Nine months after Kokomo city council president Bob Hayes, vice president Mike Kennedy and then-council-candidate Steve Whikehart said they supported expanding protections against sexual-orientation and gender-identity discrimination within the city, Whikehart revealed last month the council’s Public Works and Welfare Committee is composing legislation to do just that.
Such an ordinance would put Kokomo in the company of 12 other Indiana cities — and it can’t come fast enough.

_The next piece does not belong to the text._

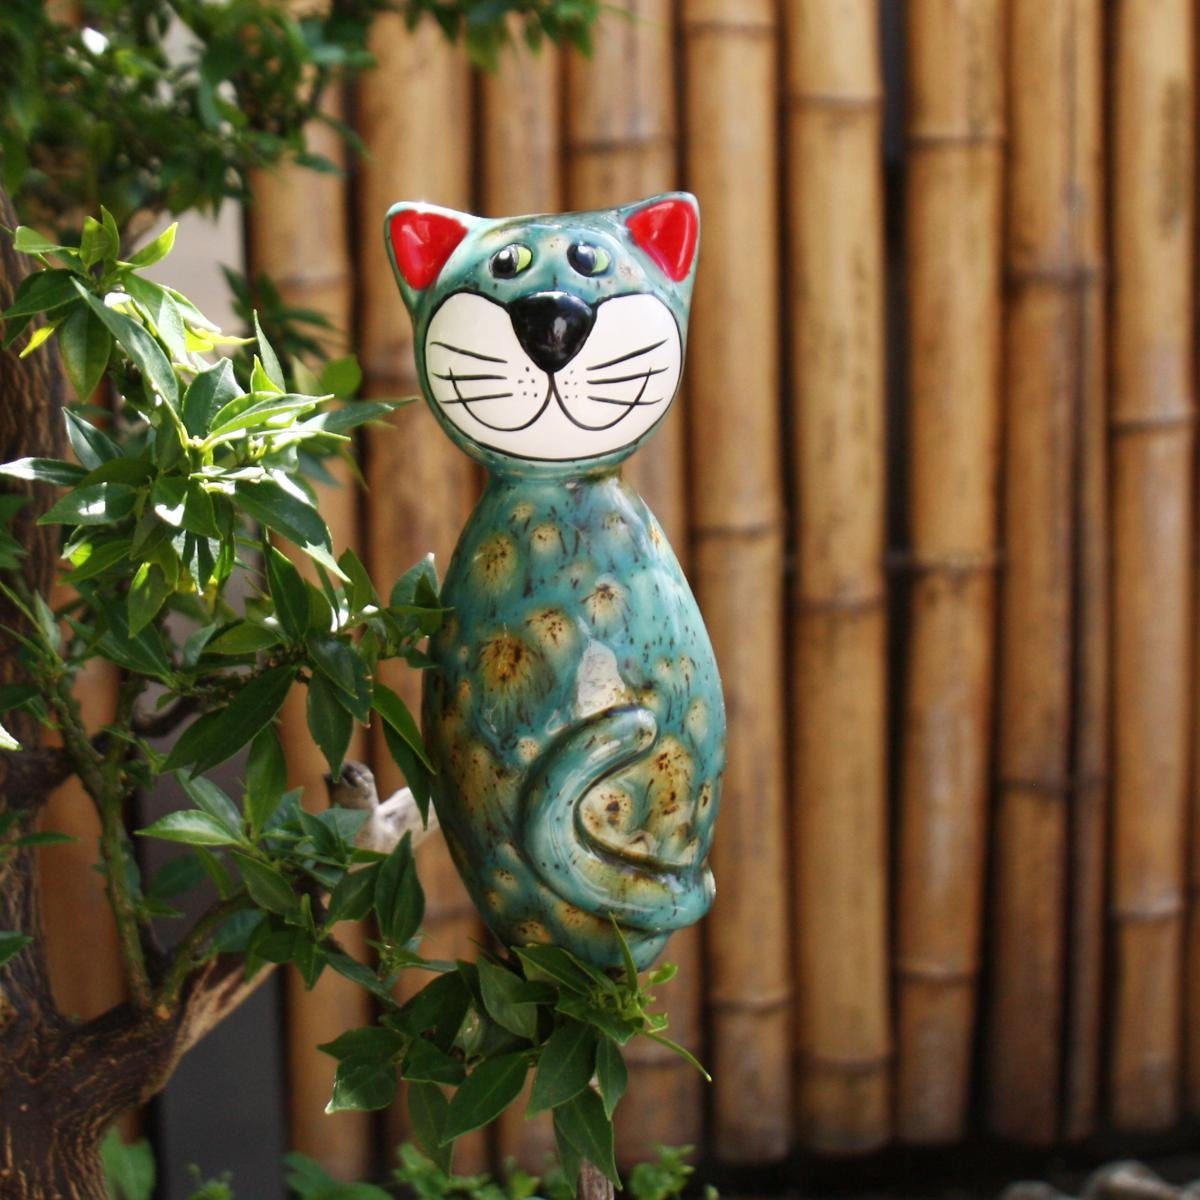 (Stück) MINI Keramik-Katze Gartenfigur mit Akzenten, Tangoo olivfarbenen Tangoo blaugrün
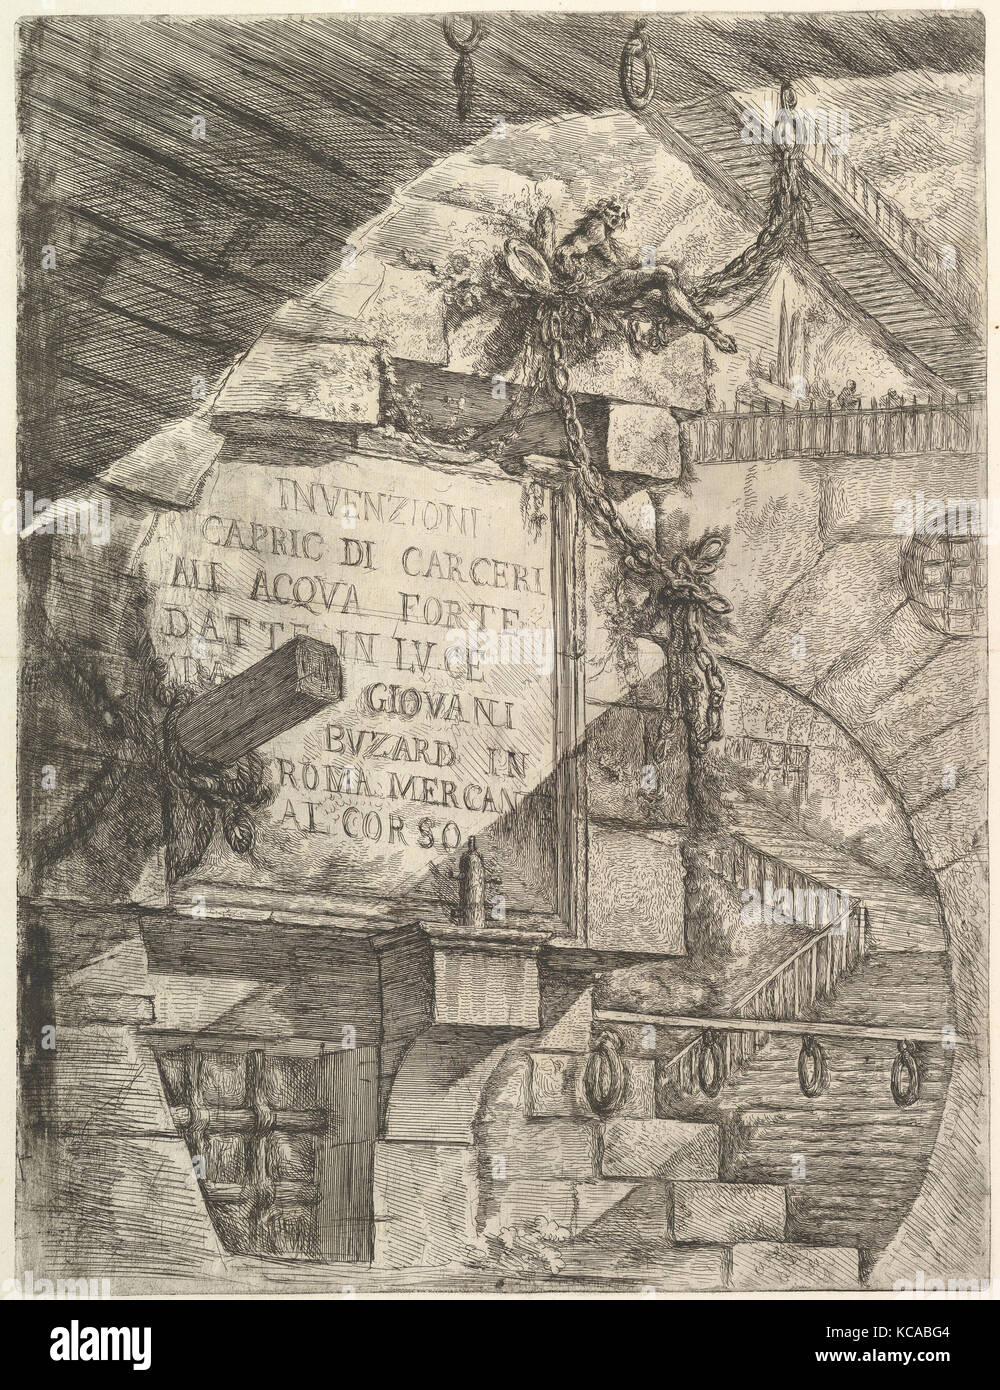 Title Page, from Carceri d'invenzione (Imaginary Prisons), Giovanni Battista Piranesi, ca. 1749–50 Stock Photo

Tuesday, Indiana Republicans ditched efforts to add civil rights protections for lesbian, gay and bisexual Hoosiers in this legislative session. Senate President Pro Tem David Long (R-Fort Wayne) said last week his colleagues would vote on expanding the state’s civil rights law, which he said was “of importance to the entire state, regardless of which way it goes.”
It apparently is as important to Senate Republicans as it is to Gov. Mike Pence, who signed Indiana’s so-called Religious Freedom Restoration Act, which sparked economic boycotts, scuttled previously announced business expansions and led tourists to cancel Indiana travel plans. A “fixed” RFRA will remain in place for at least another year.
RFRA was passed by a legislative supermajority of Republicans in March. Its purpose, they said, was to prohibit laws that “substantially burden” a person, religious institution, business or association from following their religious beliefs.
Instead, it set off a firestorm of condemnation from civil rights advocates, business leaders and others who saw it as a way to deny services to the LGBT community.
Kokomo Councilman Tom Miklik, R-6th District, told us last week he believes a civil rights expansion for the city’s LGBT isn’t needed. “I have not seen [discrimination] raised to a level sufficient that it impairs or affects the public good in Kokomo, Indiana.”
Kokomo Pride president Darrell Blasius said last week now is the time for the city to act. Waiting for the state to protect LGBT Hoosiers from discrimination could produce negative results. “Why do we have to wait until it gets to that point?” he asked.
Indeed. Councilmembers must codify civil rights protections for Kokomo’s LGBT. The council must do the right thing and pressure state lawmakers to do the same.